§ WORK REQUEST:
Could you give back exactly the lines below from the one with "Türkei, Antalya-Stadt, Antalya" through the one with "Moebiusの未再生の波形", without a single picture?

§ DATA EXTRACT:
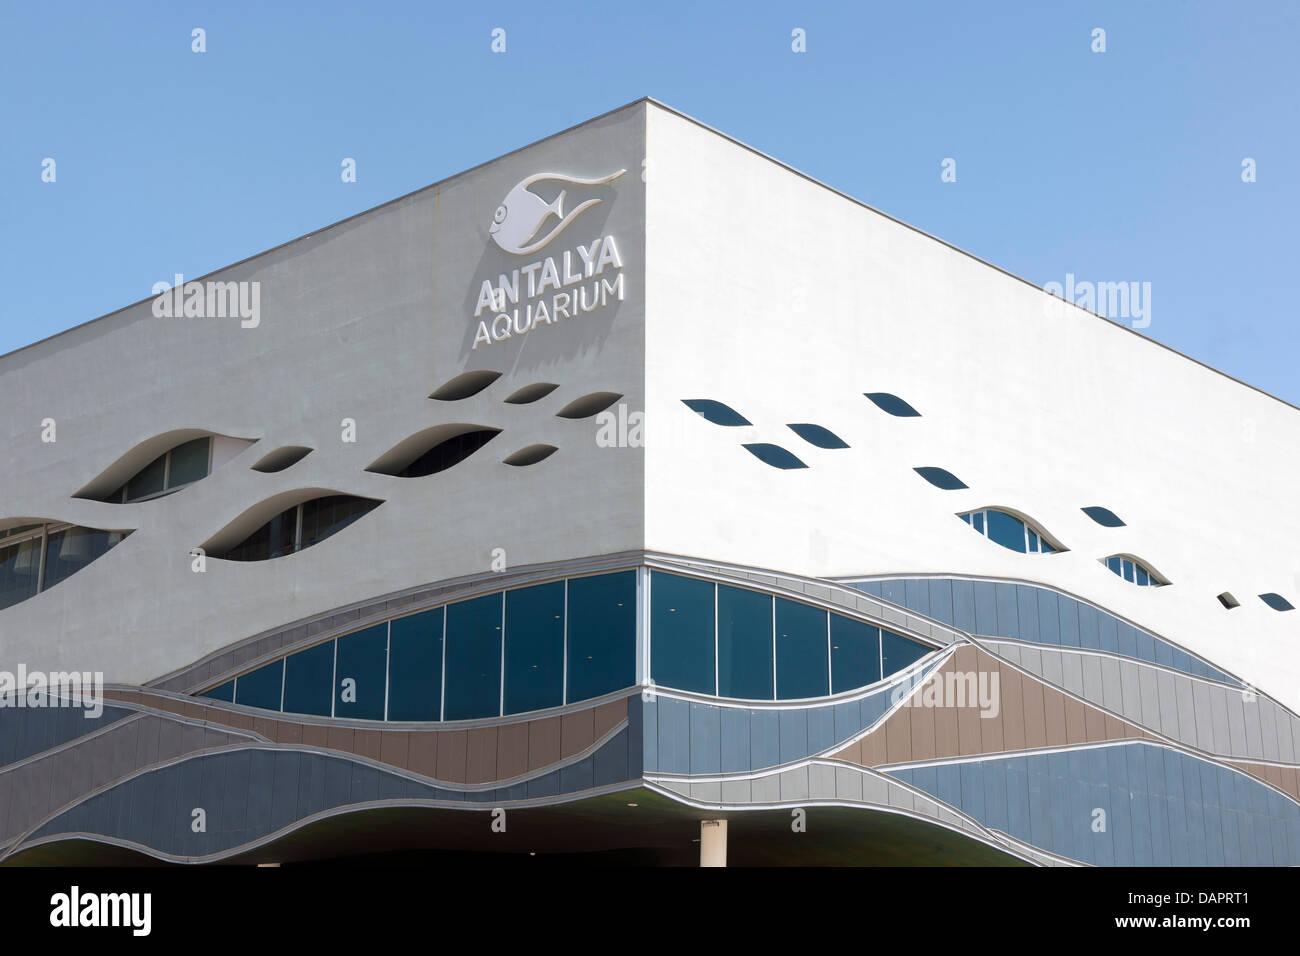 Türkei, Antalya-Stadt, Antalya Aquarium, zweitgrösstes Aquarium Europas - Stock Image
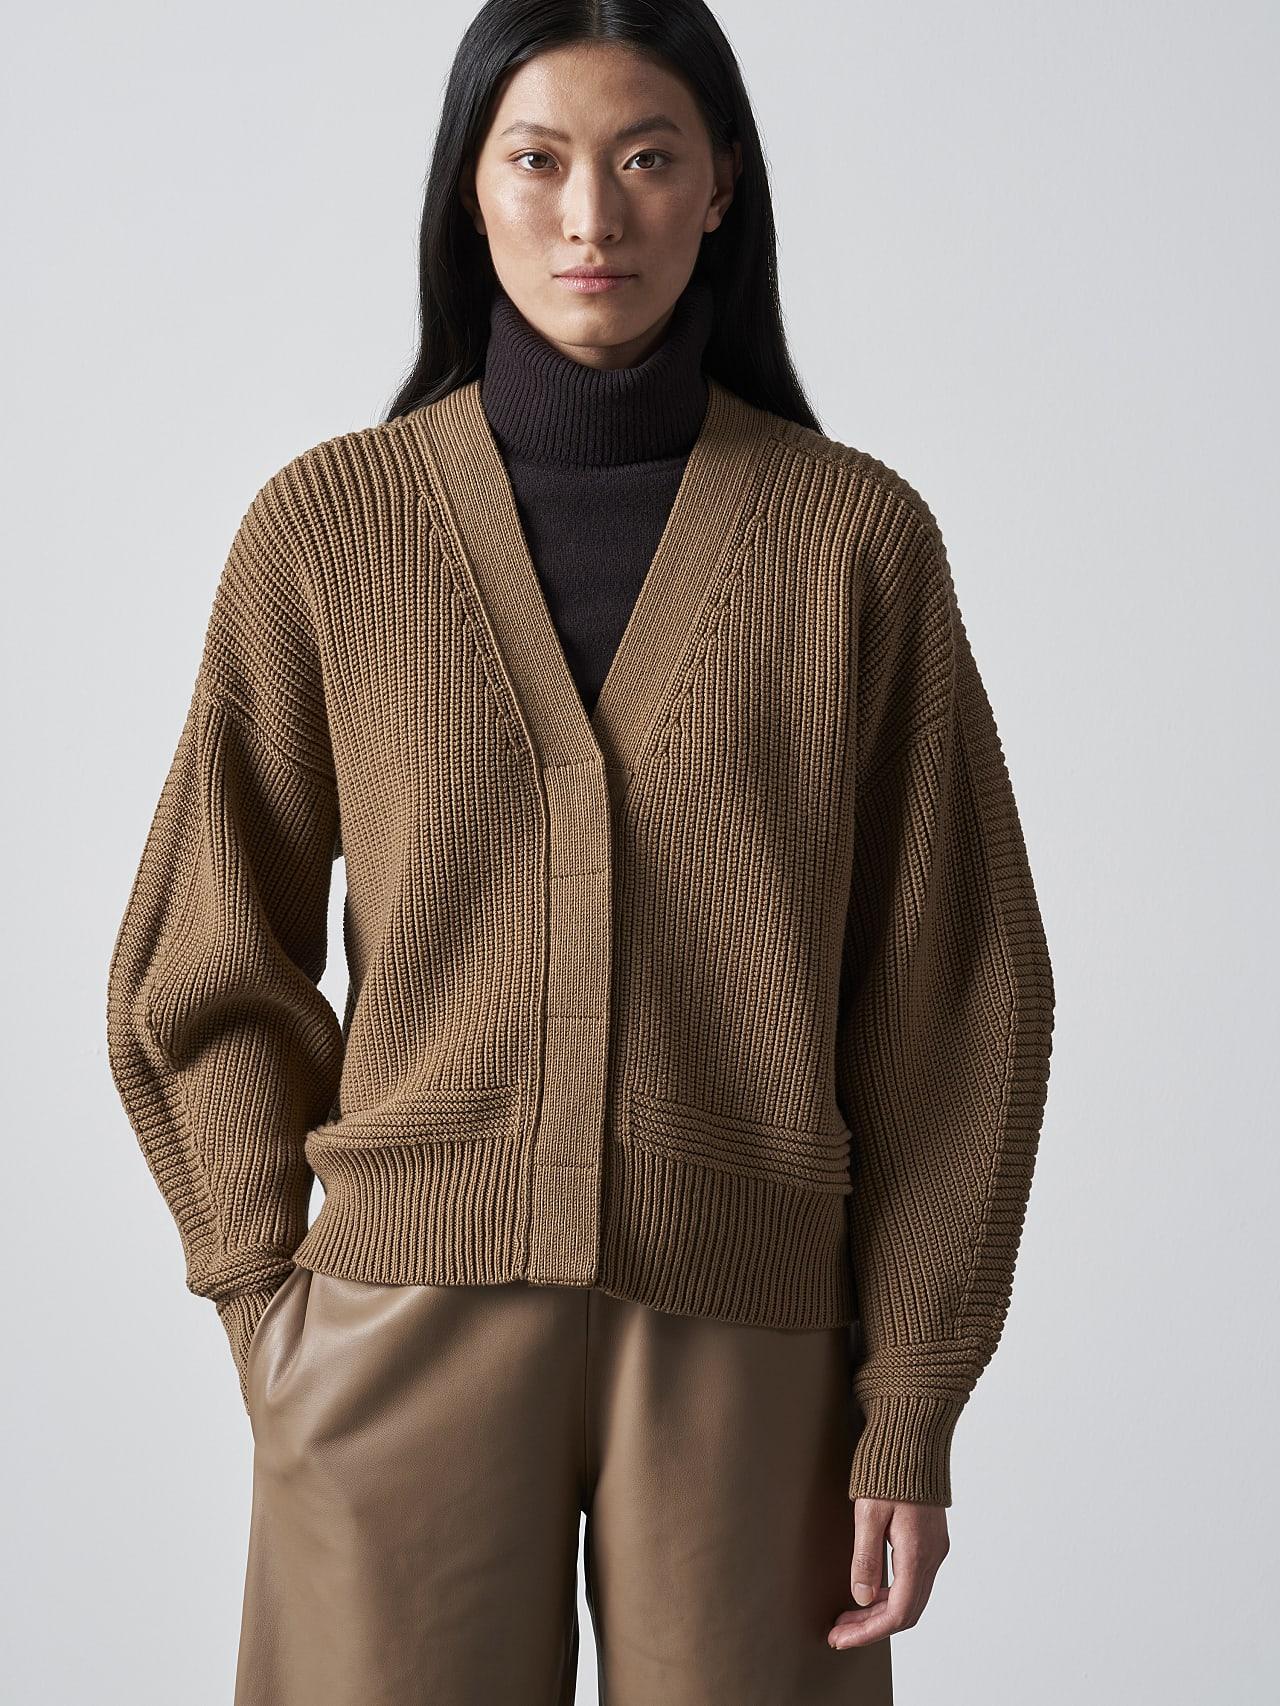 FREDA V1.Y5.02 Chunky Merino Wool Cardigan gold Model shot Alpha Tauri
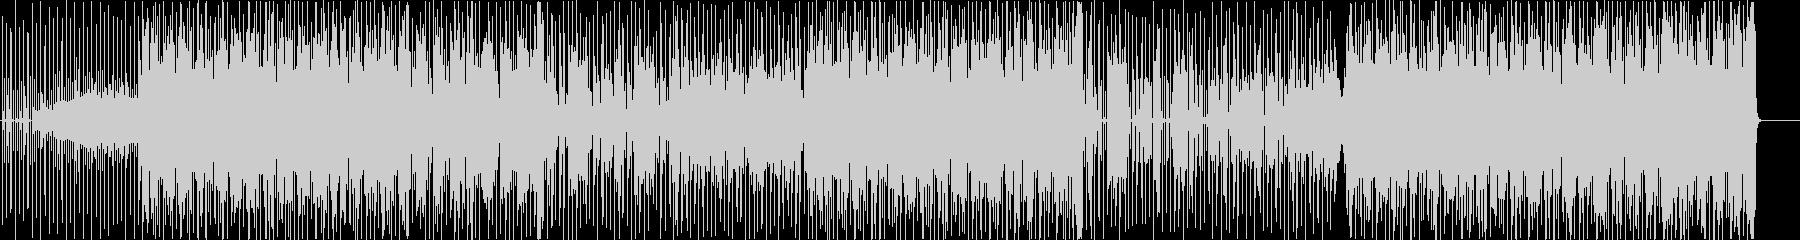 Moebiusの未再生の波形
---
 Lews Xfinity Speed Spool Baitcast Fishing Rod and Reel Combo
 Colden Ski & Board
* * *
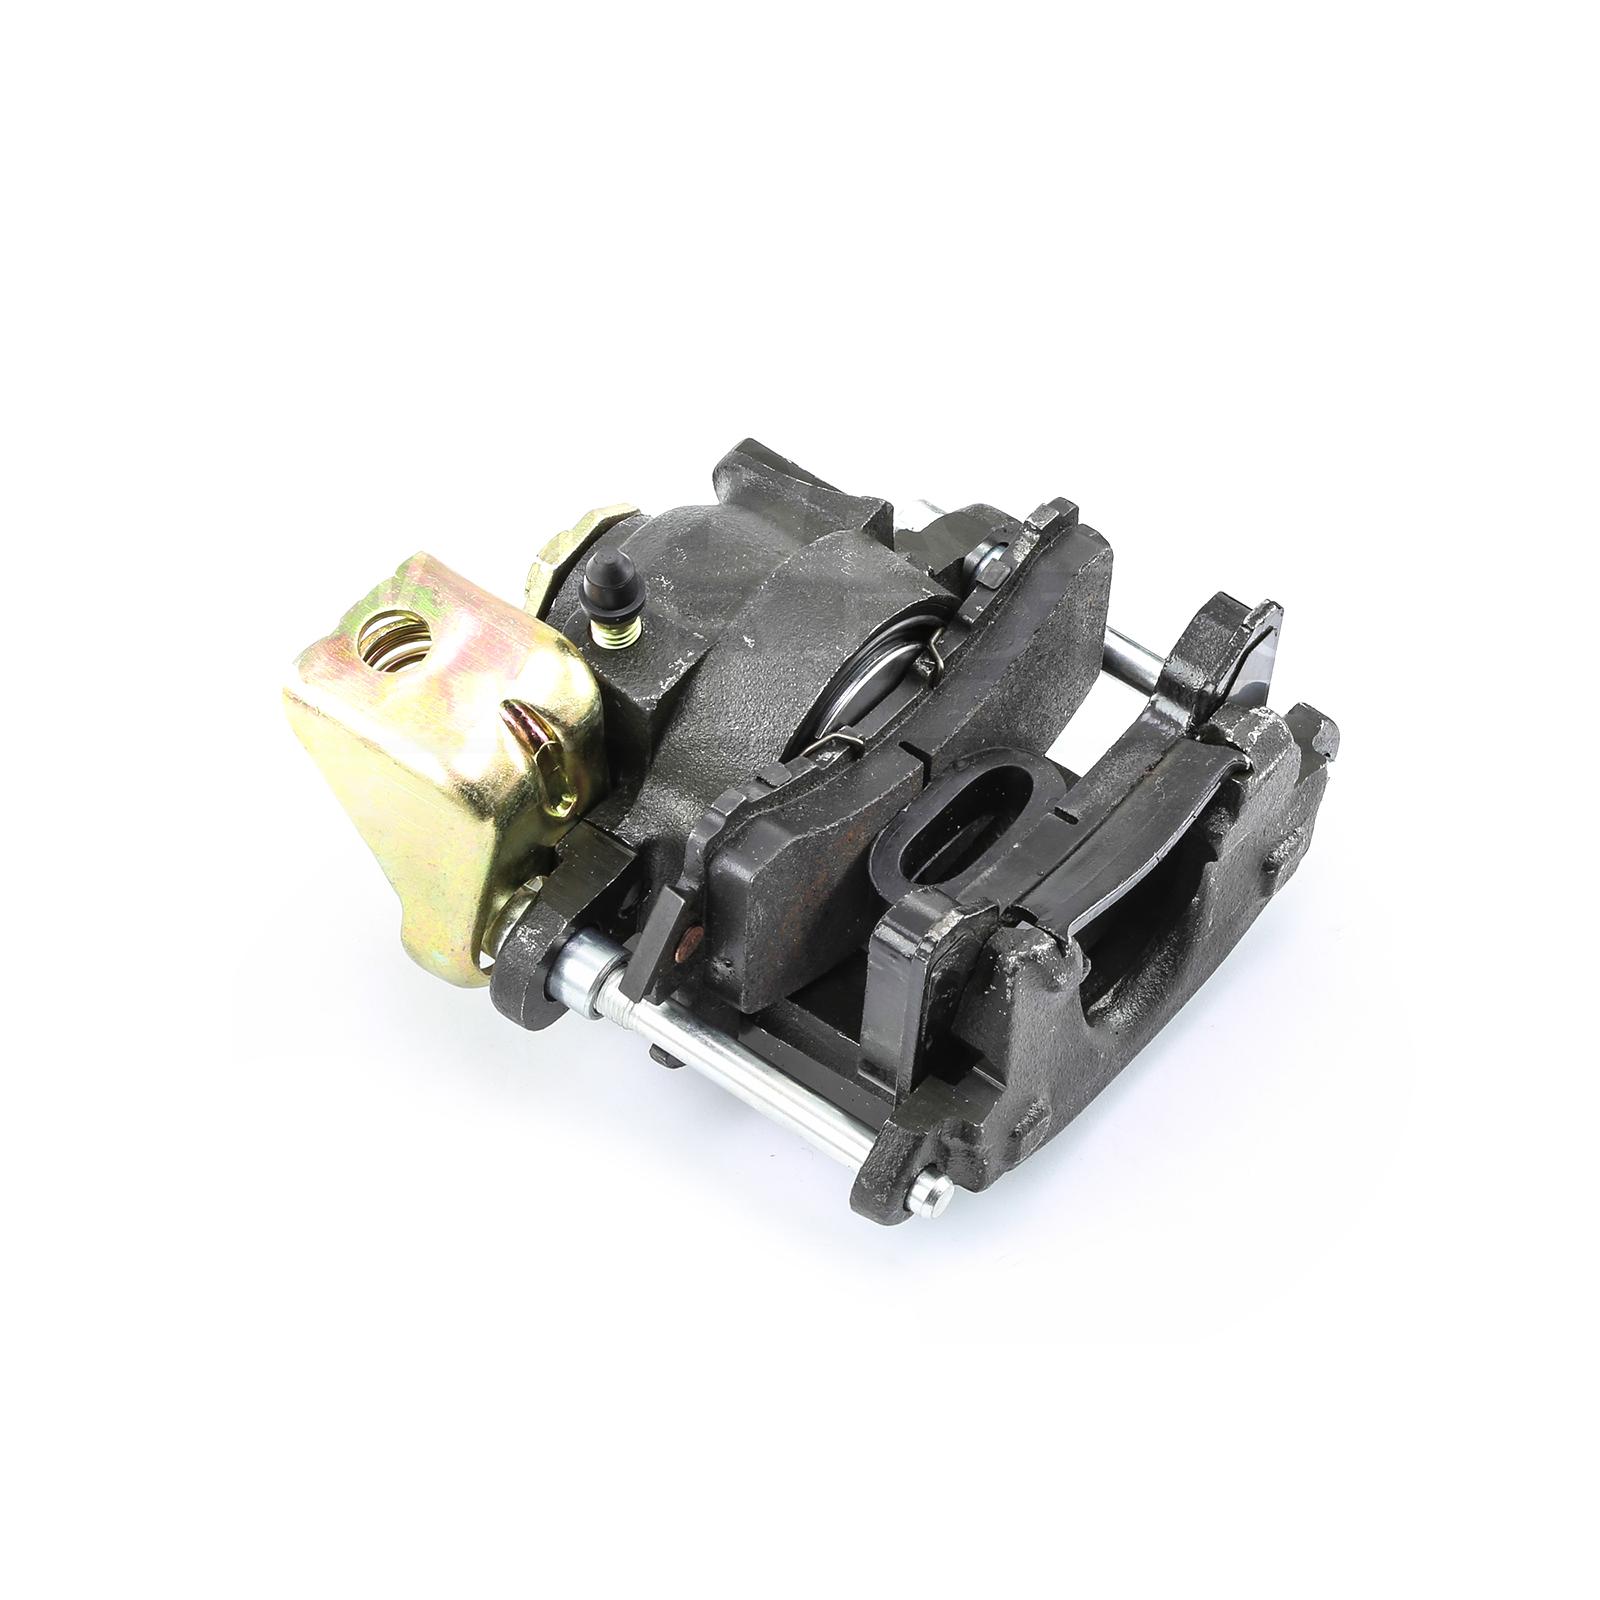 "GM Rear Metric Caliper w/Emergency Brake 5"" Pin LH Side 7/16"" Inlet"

§ FINISHED EXERCISE:
 Türkei, Antalya-Stadt, Antalya Aquarium, zweitgrösstes Aquarium Europas - Stock Image
 FREDA V1.Y5.02 Chunky Merino Wool Cardigan gold Model shot Alpha Tauri
 Moebiusの未再生の波形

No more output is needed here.